Course contained lots of new information for me, but exercises were too simple in comparison with other courses of specialization.

By Egor M

Nov 03, 2017

Oh, that lovely accent

By Alberto B

Sep 17, 2018

Needs more examples and to reduce the speed in many subjects.

By Evgeniy C

Sep 02, 2018

need more simple examples and literature links

By Rami

Aug 01, 2018

It was good. People made lot of work on it...

By Kiselyov A

May 23, 2019

Nice course, but the impression about practical tasks is really awful. The tasks are ok, but grading system is too buggy

By Paulo H C

Jul 13, 2019

Lack of clarity on how to answer questions both in quiz and programming

By Mykola K

Aug 23, 2019

I wish there were more practice

By Marco G

Dec 05, 2018

The videos are good, it's just the assignments that are frustrating.

I spent at least 10 times as long trying to get them to pass the autograder as I did solving them.

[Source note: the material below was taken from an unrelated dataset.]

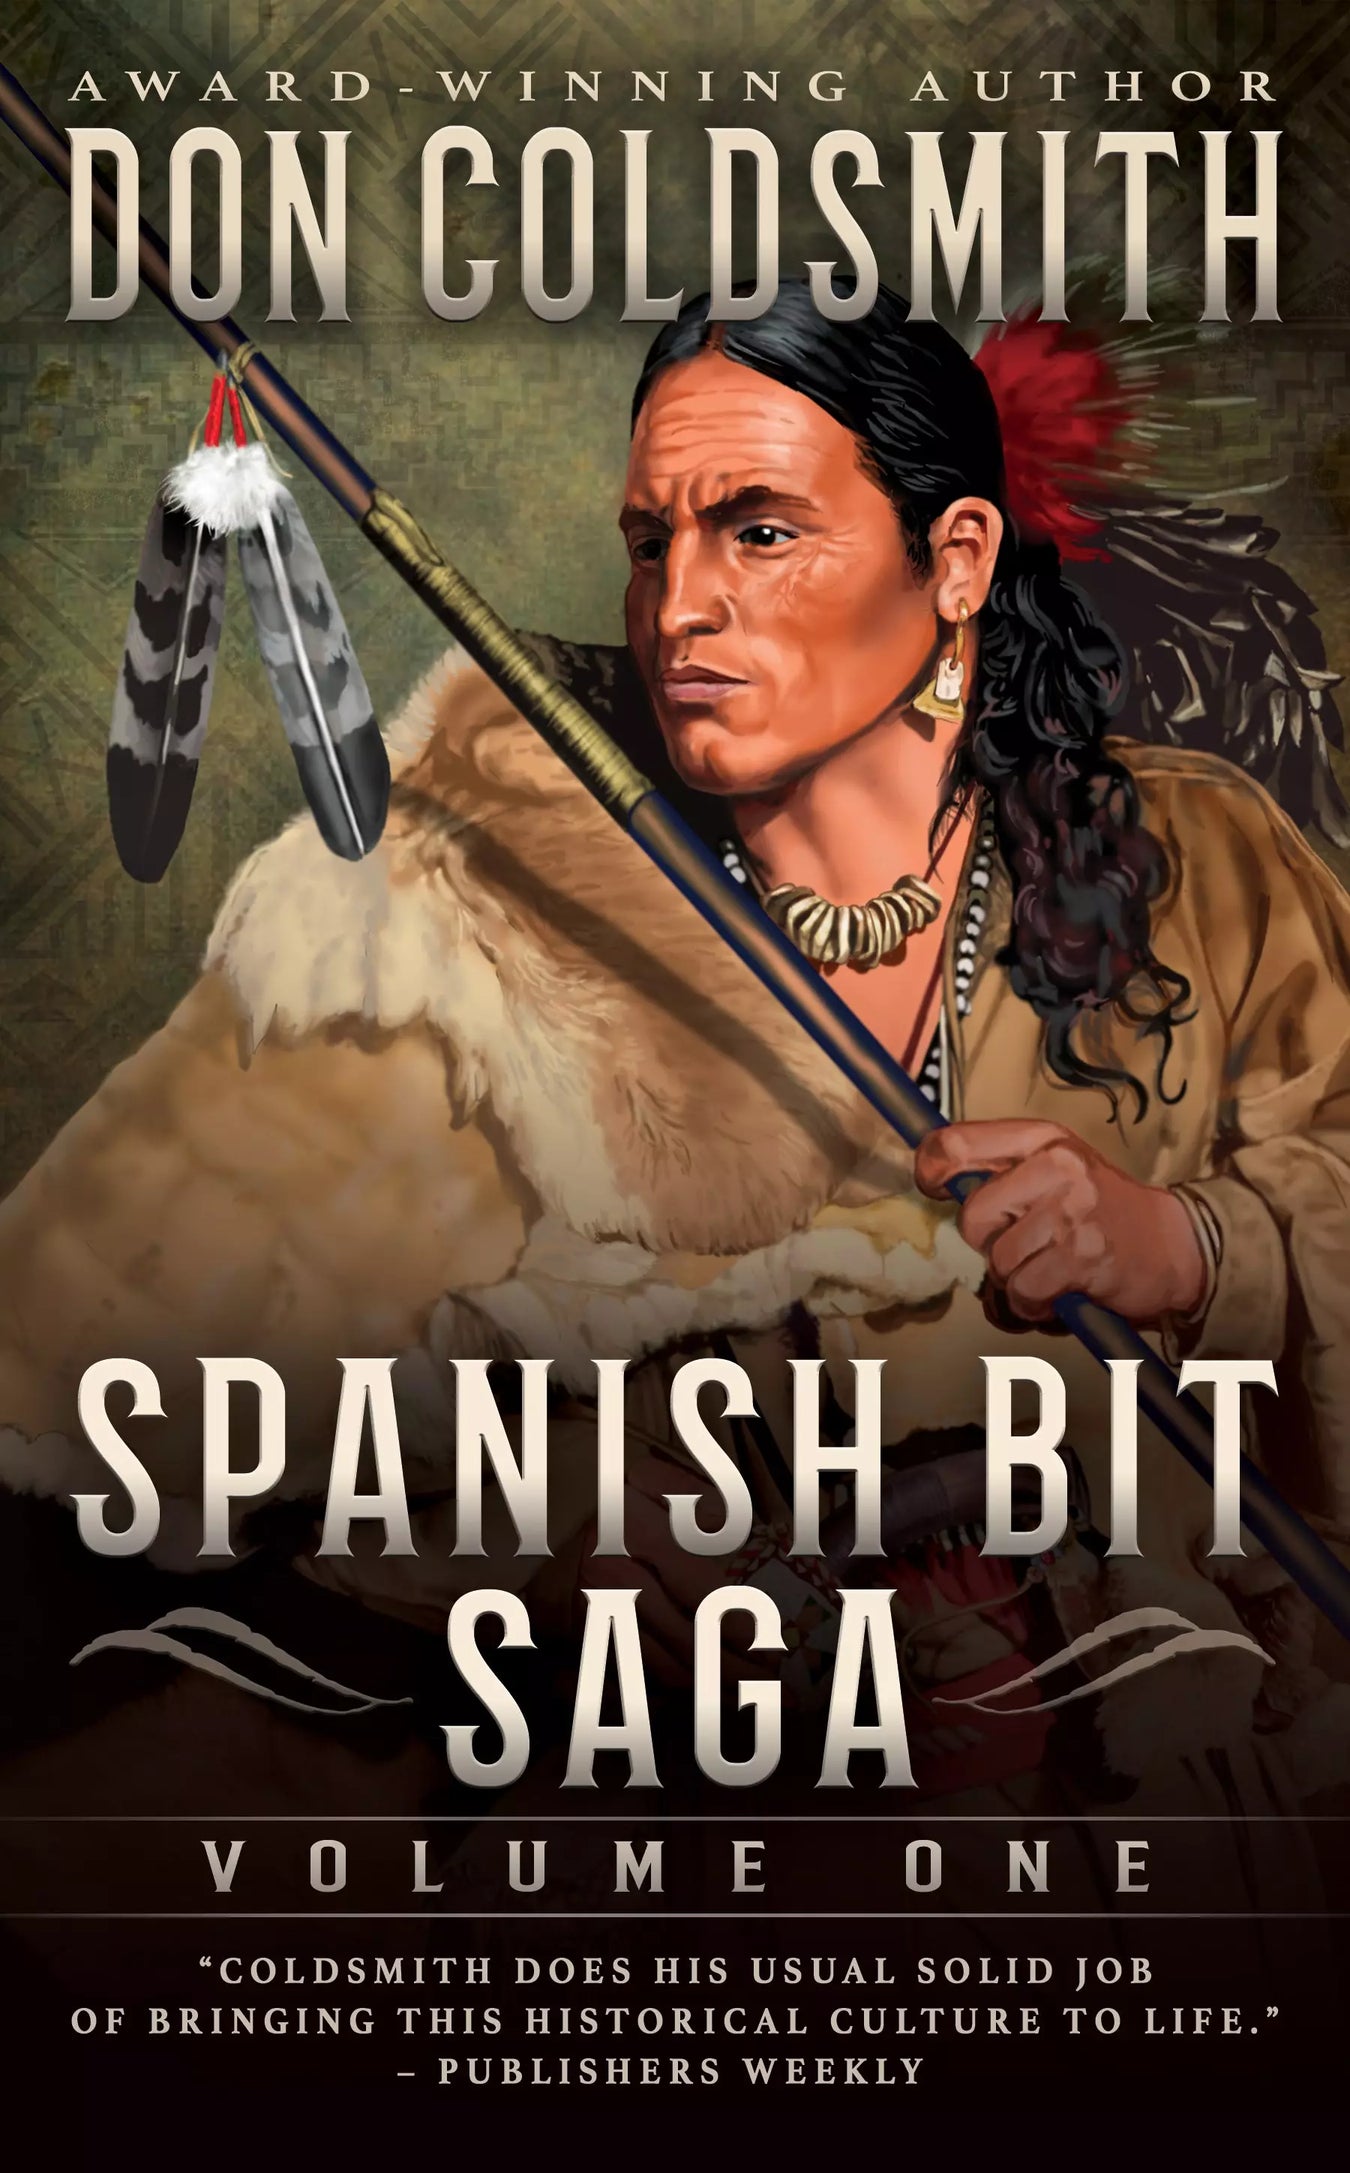 Spanish Bit Saga

You need to improve this aspect of the course if you're expecting 4 or 5-star reviews :)

By Martin T

Sep 26, 2018

The assignments are not clear and the teacher support is poor (despit the slack channel being a welcome improvement!).

By Papadopoulos K

Nov 06, 2018

The course is interesting and challenging. Some work is needed on how to best transfer the right message to the students. Some videos are going way to deep into technical details and not focusing enough on the end goal. Overall interesting and mind-engaging course.

By Ángel M R

Jan 20, 2019

Unexistant support, failing notebooks

By Alexander C

Sep 20, 2018

Just a highlevel introduction to machine learning with comments like "you can also do it on spark". No details about the parallel learning process (parameter server, etc)

By Kirk B

Jan 16, 2019

The autograders are broken and team support is lacking. Decent lecture content however.